DT-Explorer / docs /sae_steering.md
sadhumitha-s's picture
feat: implement NLA explainer and universality probe and refactor path patching engine
8577352
# SAEs and Activation Steering
Sparse Autoencoders (SAEs) allow us to decompose the residual stream into human-interpretable features, while steering allows us to manipulate those features to change agent behavior.
## Sparse Autoencoders (SAE)
An SAE decomposes activations into a set of "monosemantic" features. By projecting dense vectors into a higher-dimensional space, we find latents that correspond to specific concepts (e.g., "Wall ahead").
### TopK SAEs
Instead of using an L1 penalty to force sparsity, we use **TopK SAEs**. These restrict the model to exactly $k$ active features per input. This makes the internal logic cleaner and easier to analyze compared to standard ReLU SAEs.
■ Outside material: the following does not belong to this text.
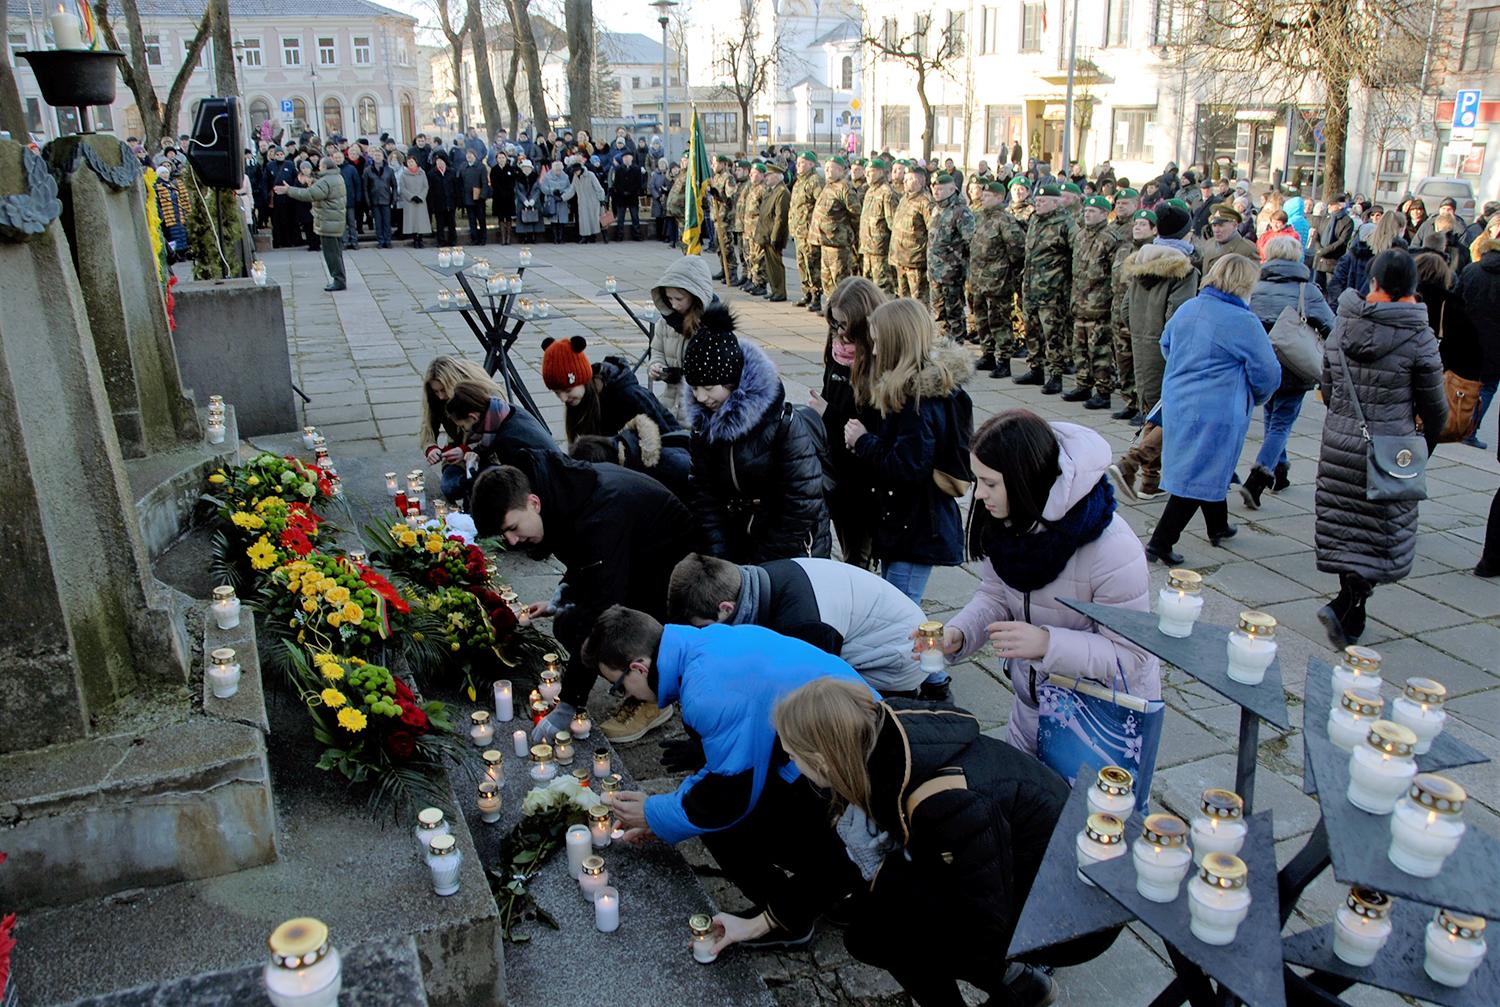 Laisvės gynėjų diena – kartu su ukrainiečiais / Moksleiviai deda žvakutes prie Laisvės paminklo. Gedimino Nemunaičio nuotr.

### Natural Language Labeling (NLA)
To avoid manual inspection of thousands of features, we use an **NLA Explainer**. This tool takes the top activations for a feature and uses a Language Model to generate a human-readable label (e.g., "Feature #402: Activates when a red key is visible").
```mermaid
graph LR
Act[Dense Activation] --> Enc[Encoder]
Enc --> Lat[TopK Sparse Latents]
Lat --> NLA[LLM Labeling]
Lat --> Dec[Decoder]
Dec --> Rec[Reconstruction]
style Lat fill:#dfd,stroke:#333
```
## Activation Steering
Steering involves adding a "direction" vector to the model's activations to shift its behavior. This is often done using **Contrastive Activation Addition**.
### Steering Pipeline
1. **Collect States**: Gather activations for two contrasting behaviors (e.g., "Moving Fast" vs "Moving Slow").
2. **Compute Vector**: Calculate the difference between the mean activations of these two sets.
3. **Inject**: Add this vector (multiplied by a coefficient) to the model during inference.
```mermaid
graph TD
A[Mean Act: Behavior A] --> Diff[Steering Vector = A - B]
B[Mean Act: Behavior B] --> Diff
In[Current Input] --> Model[DT Model]
Diff -->|Add with Gain λ| Model
Model --> Out[Modified Behavior]
```
## Cross-Architecture Universality Probes
We use **Universality Probes** to check if features are model-specific or "universal" to the task. By comparing the SAE features of a Decision Transformer with the activations of a different model (like a DQN) trained on the same environment, we can identify shared representational spaces.
- **High Correlation**: Suggests the feature is a fundamental concept required to solve the task (e.g., "The concept of a wall").
- **Low Correlation**: Suggests the feature might be an artifact of the specific architecture or training algorithm.